=== Data below ===

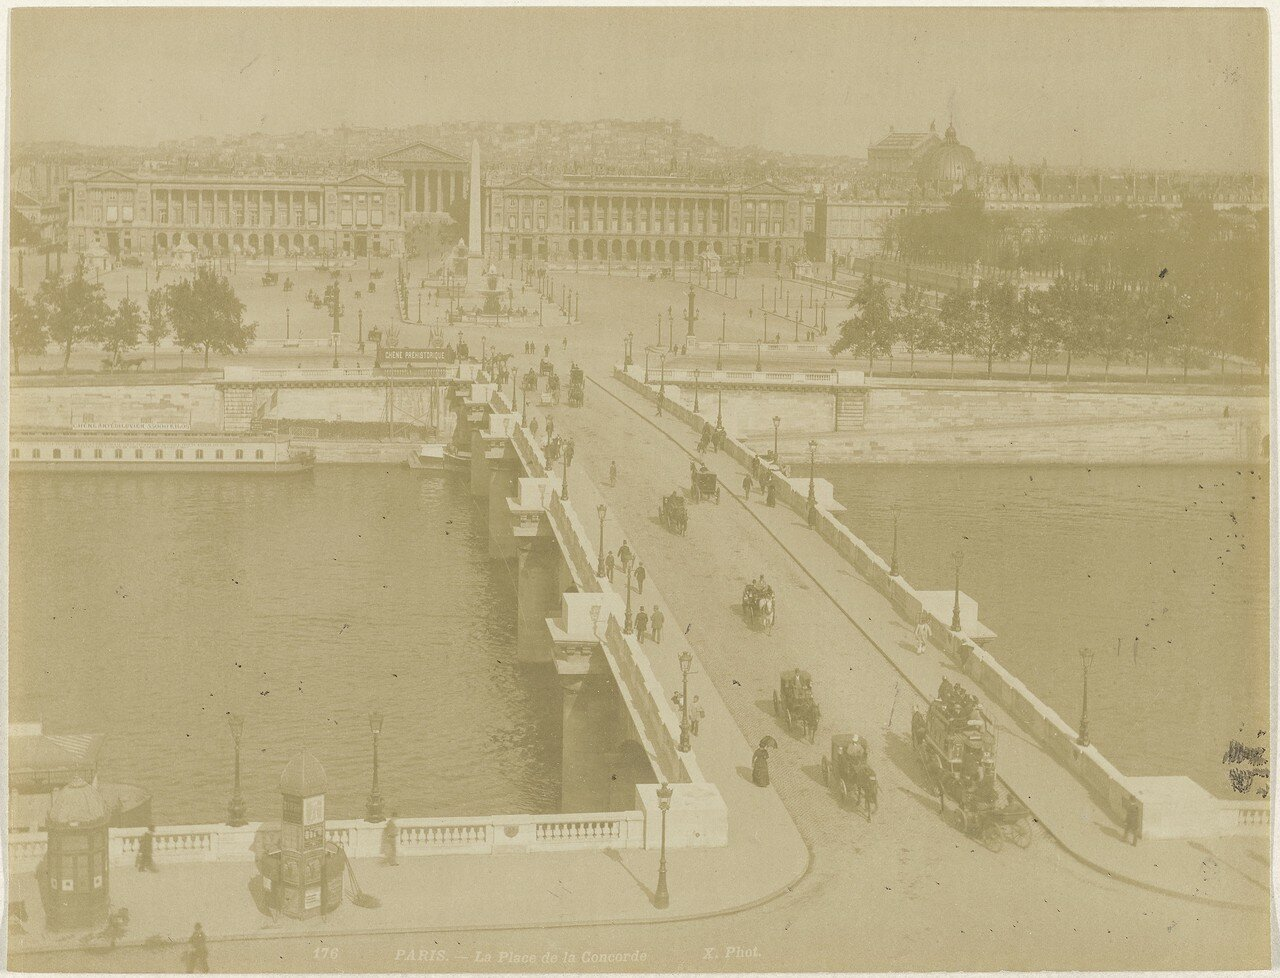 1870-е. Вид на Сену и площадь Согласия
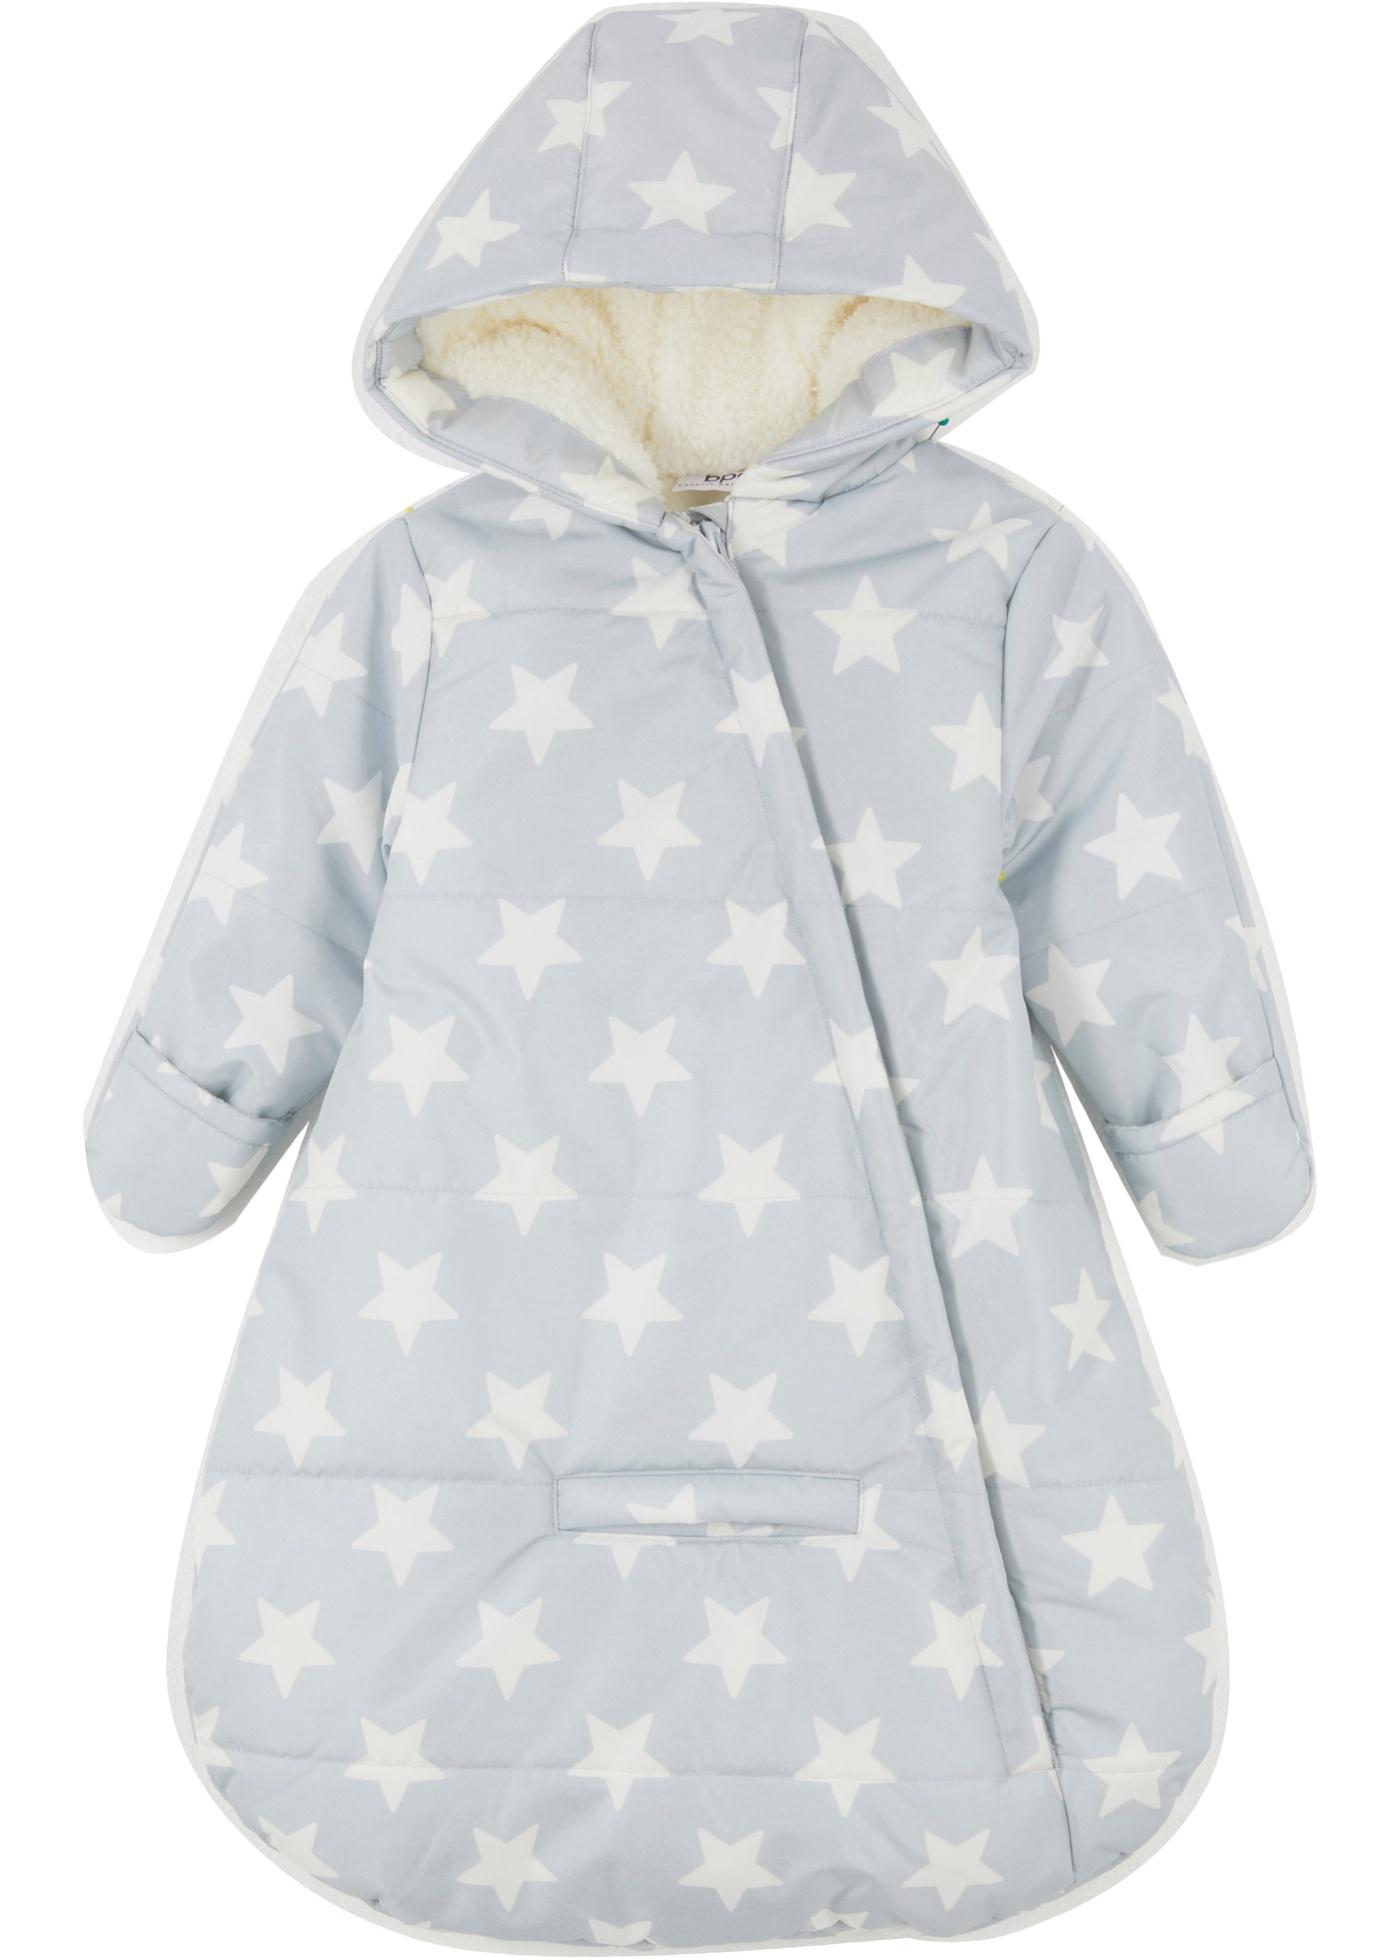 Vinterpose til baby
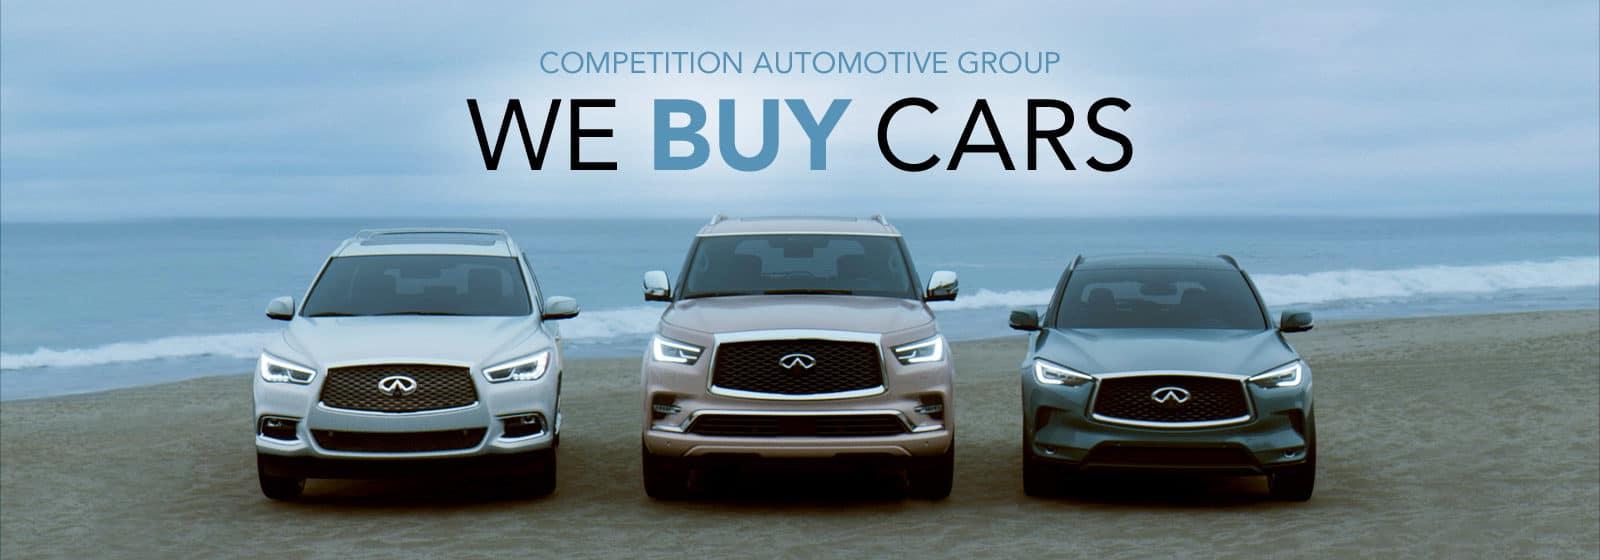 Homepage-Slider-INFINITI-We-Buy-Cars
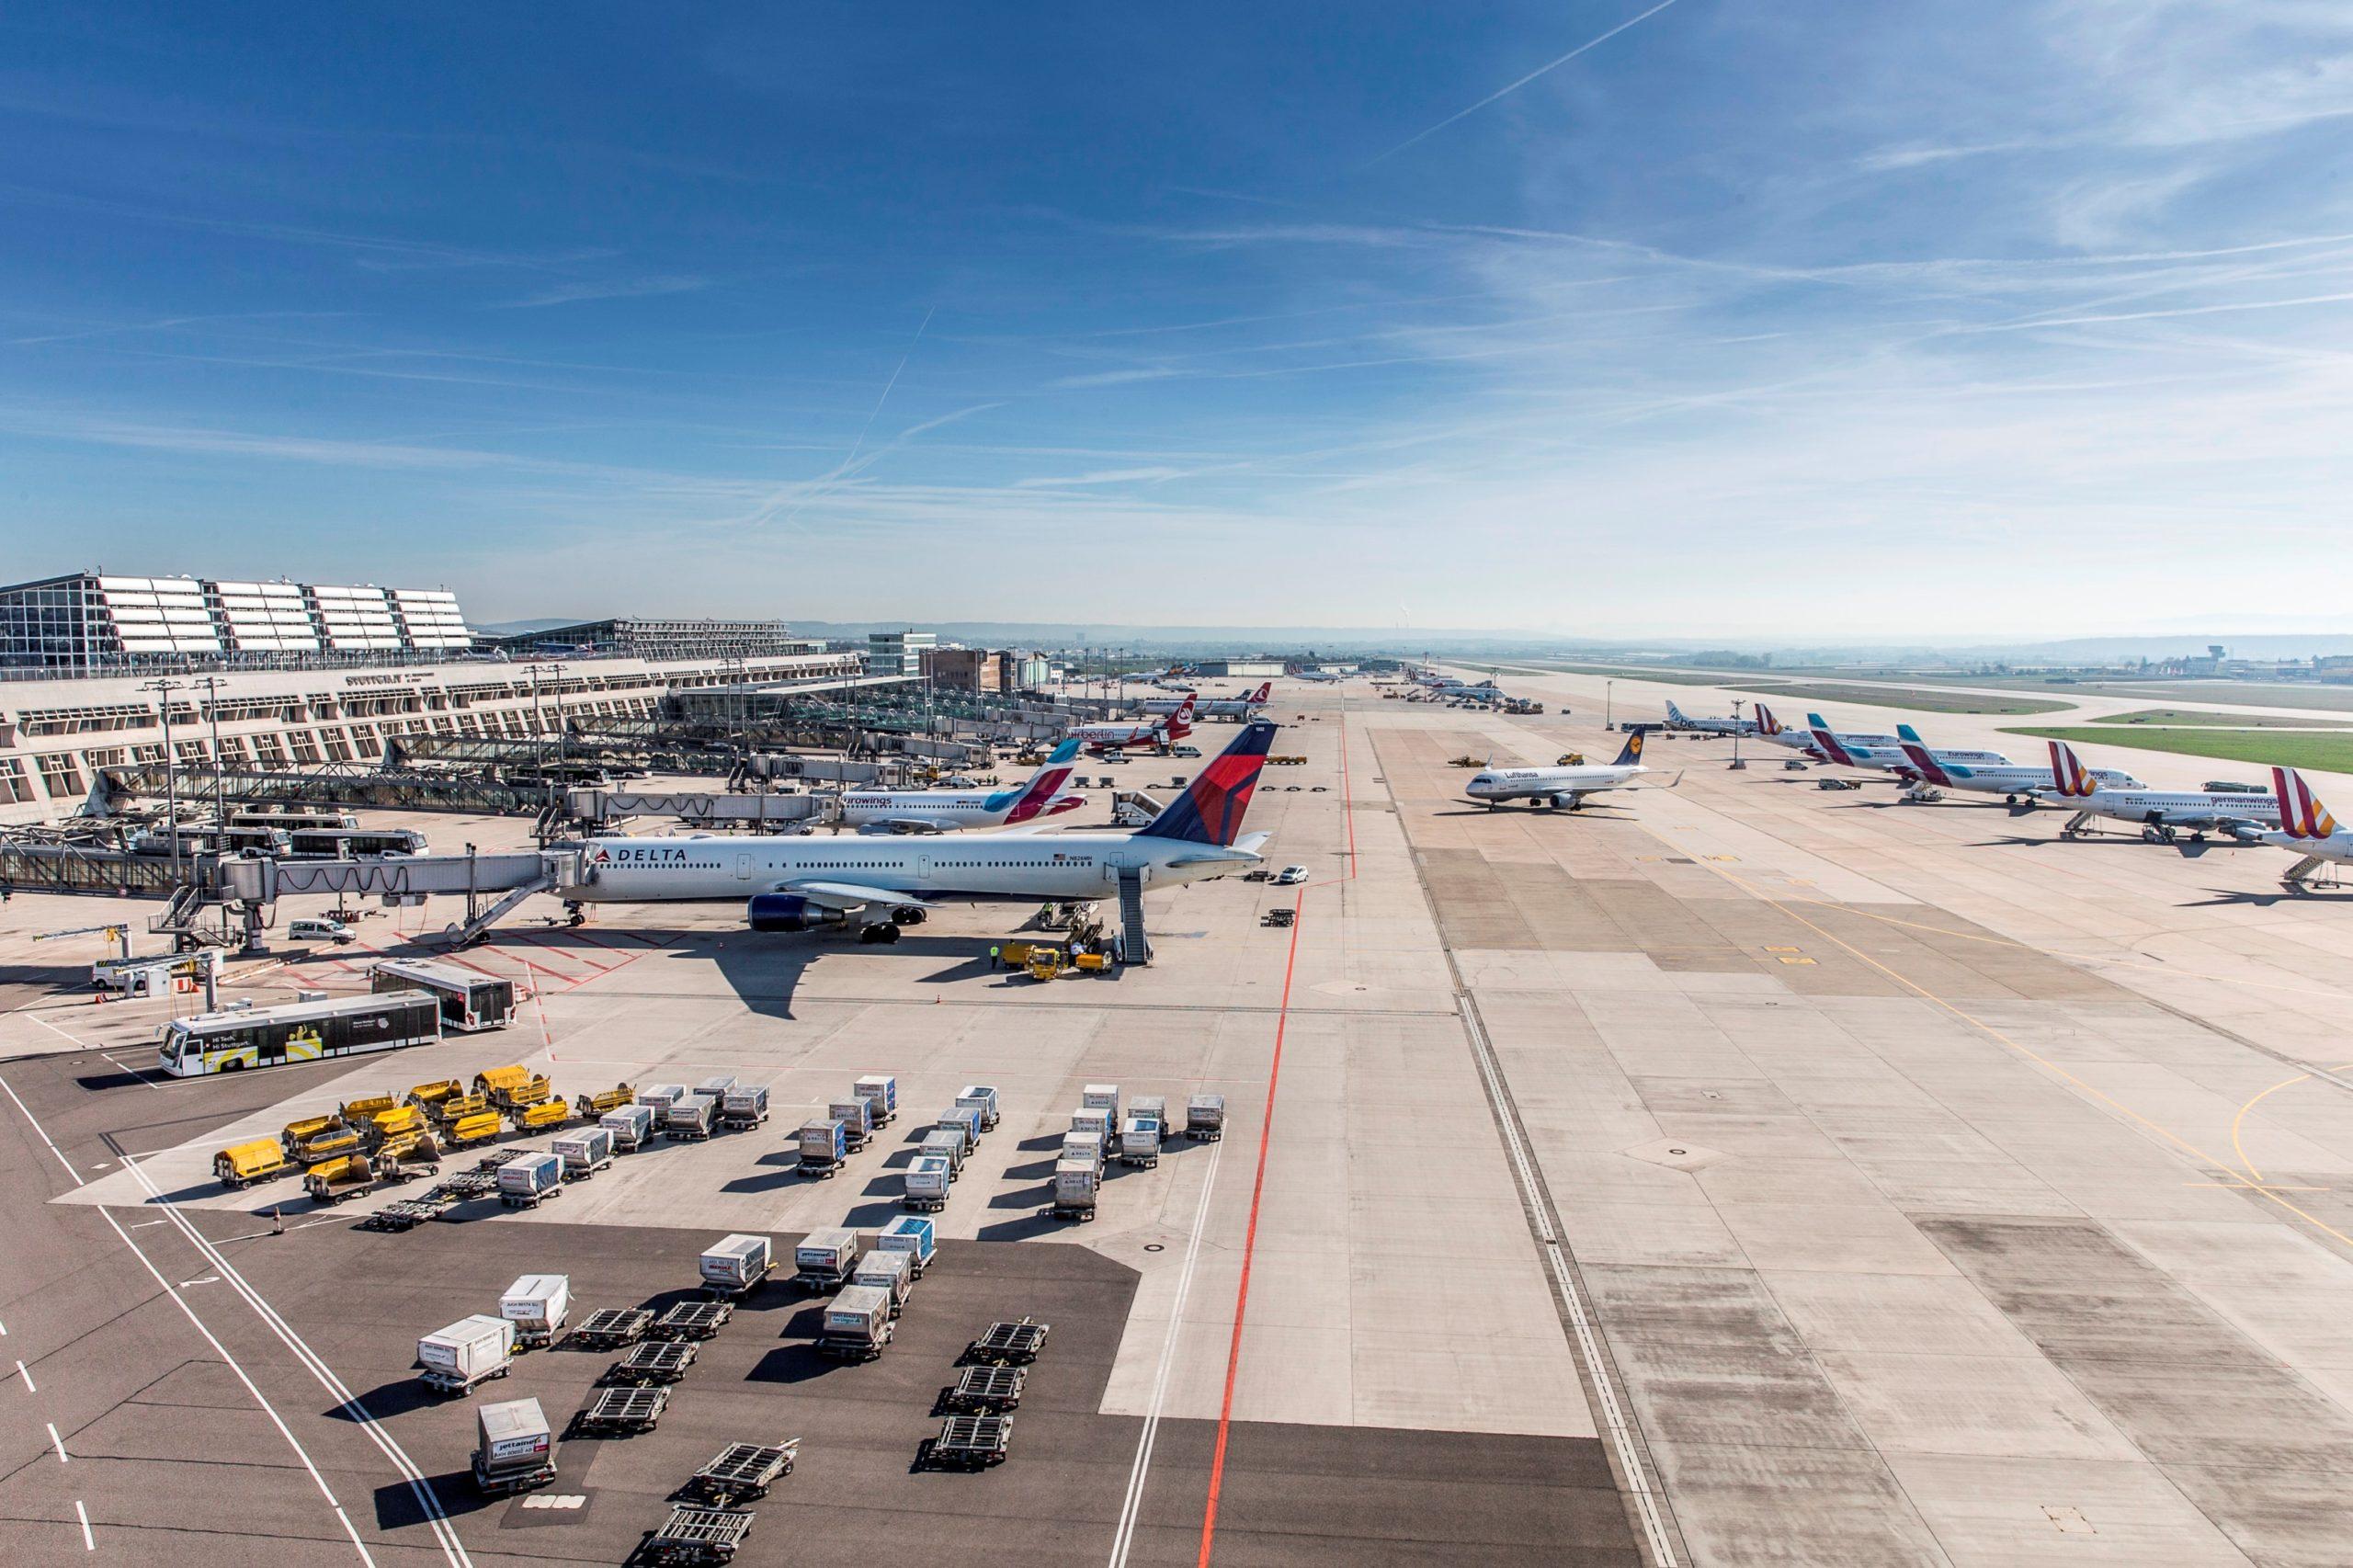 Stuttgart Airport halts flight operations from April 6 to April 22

===

# What is required:
Skipping the images, write out the whole listing exactly.

# Response area:
 1870-е. Вид на Сену и площадь Согласия
 Vinterpose til baby
 Homepage-Slider-INFINITI-We-Buy-Cars
 Stuttgart Airport halts flight operations from April 6 to April 22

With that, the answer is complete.